A 2004 book by Witwatersrand University don, Patrick Bond titled Talk Left, Walk Right: South Africa’s Frustrated Global Reforms had delivered a damning verdict on the service delivery record of the Mandela-Mbeki continuum, democratisation in South Africa still presents the best and the worst of democratisation in Africa. The problem is still the external pressures and the most succinct evidence is how the transformative “Reconstruction and Development” programme developed by Congress of South Africa Trade Union, (COSATU) and adopted by the ANC was skillfully supplanted with the “Growth, Employment and Redistribution, (GEAR) framework. If that could happen under an ANC government and under Thabo Mbeki who is unarguably Africa’s best groomed party cadre, then the future is fearful.

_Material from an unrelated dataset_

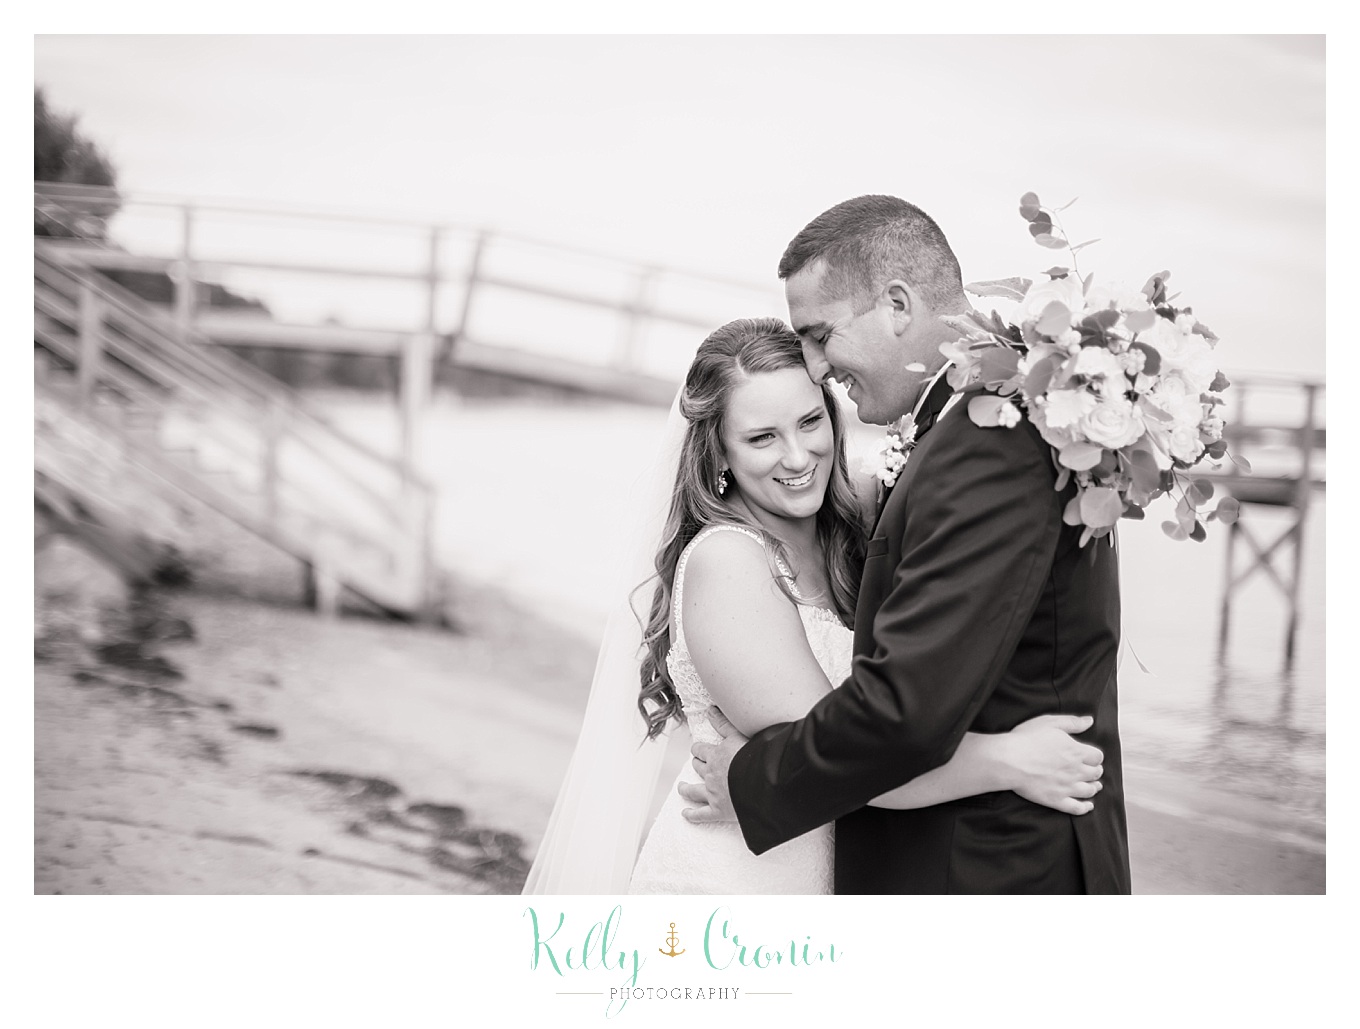 A groom whispers to his bride | Kelly Cronin Photography | Cape Cod Wedding Photographer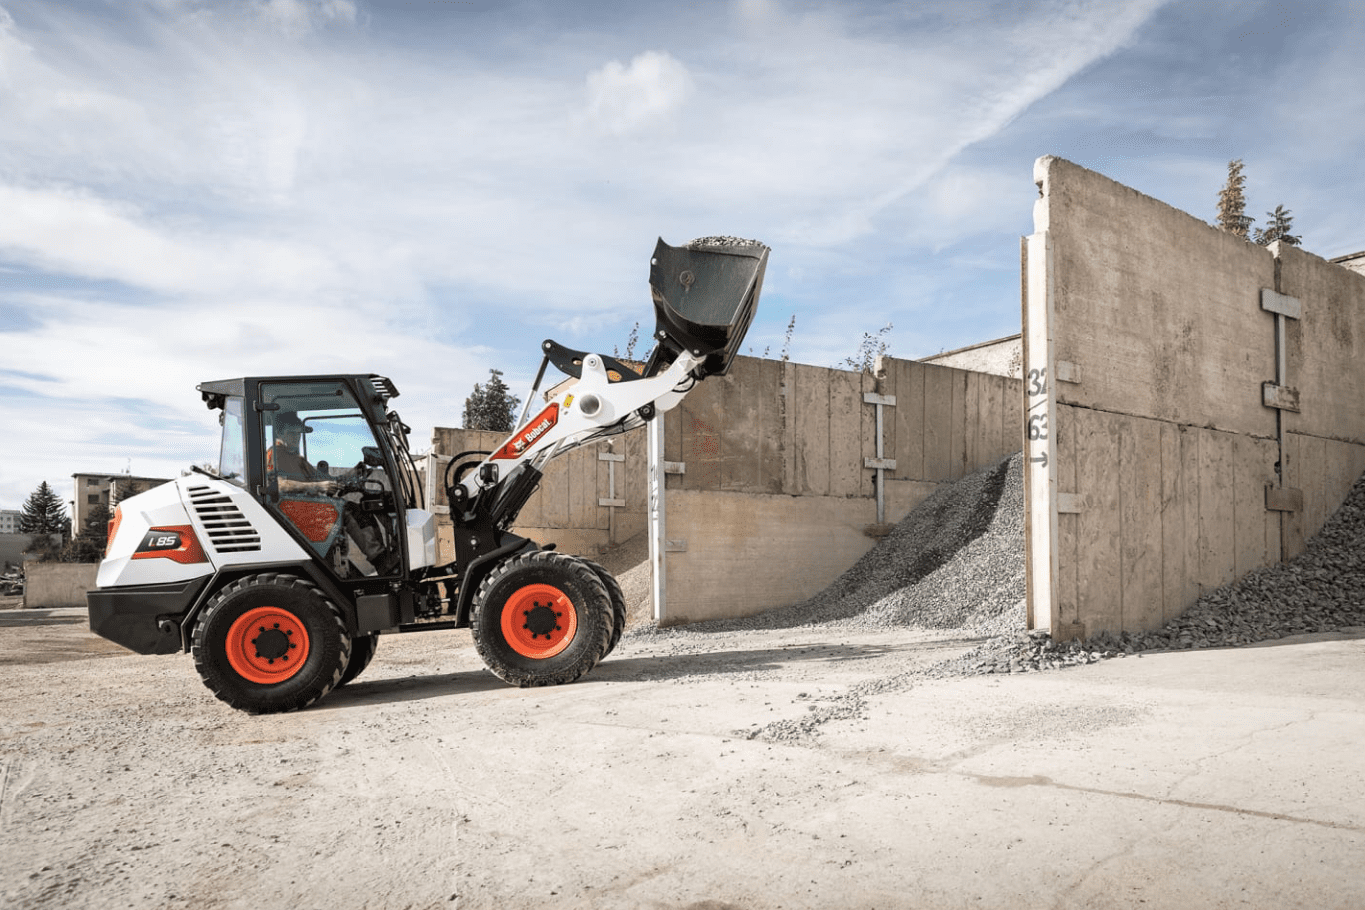 Browse Specs and more for the Bobcat L85 Compact Wheel Loader - Bobcat of Indy

This reality notwithstanding, South Africa is way ahead by the typical African standard. It is a functional society. It is a manufacturing economy and as with manufacturing economies, its foreign policy centres on block formations. It is now a member of BRICS, the club of emergent industrializing or industry stabilizing economies of Brazil, Russia, India, China and South Africa. South Africa has a vibrant knowledge industry, defined by world class universities. In short, it is a power to reckon with. Above all, it has political parties that exist and function in tandem with the political party idea. These parties are not run on the basis of primitive accumulation of power. But the most strategic asset of South Africa is its power elite. It is an elite that has fought for state power and knows its mission in power. It still has a huge problem of empowering the black poor, dealing with violence as well as successfully managing contradictions such as in land inequity. These are challenges that can be stressful for any government but the party is moving, with all the contradictions.
But, for us in Nigeria, there is a lesson cum question in Mandela in relation to a crisis which has thrown up all manner of warriors in the name of Christianity, Islam, regions, ethnic groups, militias and sundry identities, all of them talking over and above their own heads and yet making no progress: Who is that man or woman which this crisis must throw up to be able to say to the Nigerians, this is the way forward as Mandela had done? Is there such a person or history is no longer about convergence of objective and subjective factors? Or is this the Nigerian exceptionality at work? That is if the theory of Nigerian exceptionality makes sense.
Of course, the Nigerian environment is vastly different from the South African scenario. That does not, however, follow that a crisis situation would not produce a crisis manager. Why is the Nigerian situation different or appearing to be so? Why are the leaders just going around in the night, holding secret meetings, scheming and stringing cabalistic alliances when the challenge is to mobilise Nigerians against unanticipated turbulence? Why are all the discussions just about the army of ambitious individuals but not about the grand issue of re-making the nation? Why the observable quick and cheap resort to centrifugal rather than centripetal politics at a time when smaller nations are suffocating in a muscle based global order? Does it mean that if the Nigerian State had been confronted by a more monstrous challenge like Apartheid, it would have packed up without a fight? Where are the Nigerian Mandelas -the nation builders, the party builders, the strategic thinkers?
We need answers to these sorts of questions so that Nigeria does not continue to embarrass the Blackman for still being a toddler at 50 in spite of extreme wealth in all respects. Happy birthday to the all time icon, Nelson Mandela, the only signifier that in spite of all the blows historically directed at the Blackman, the Blackman is not about to disappear!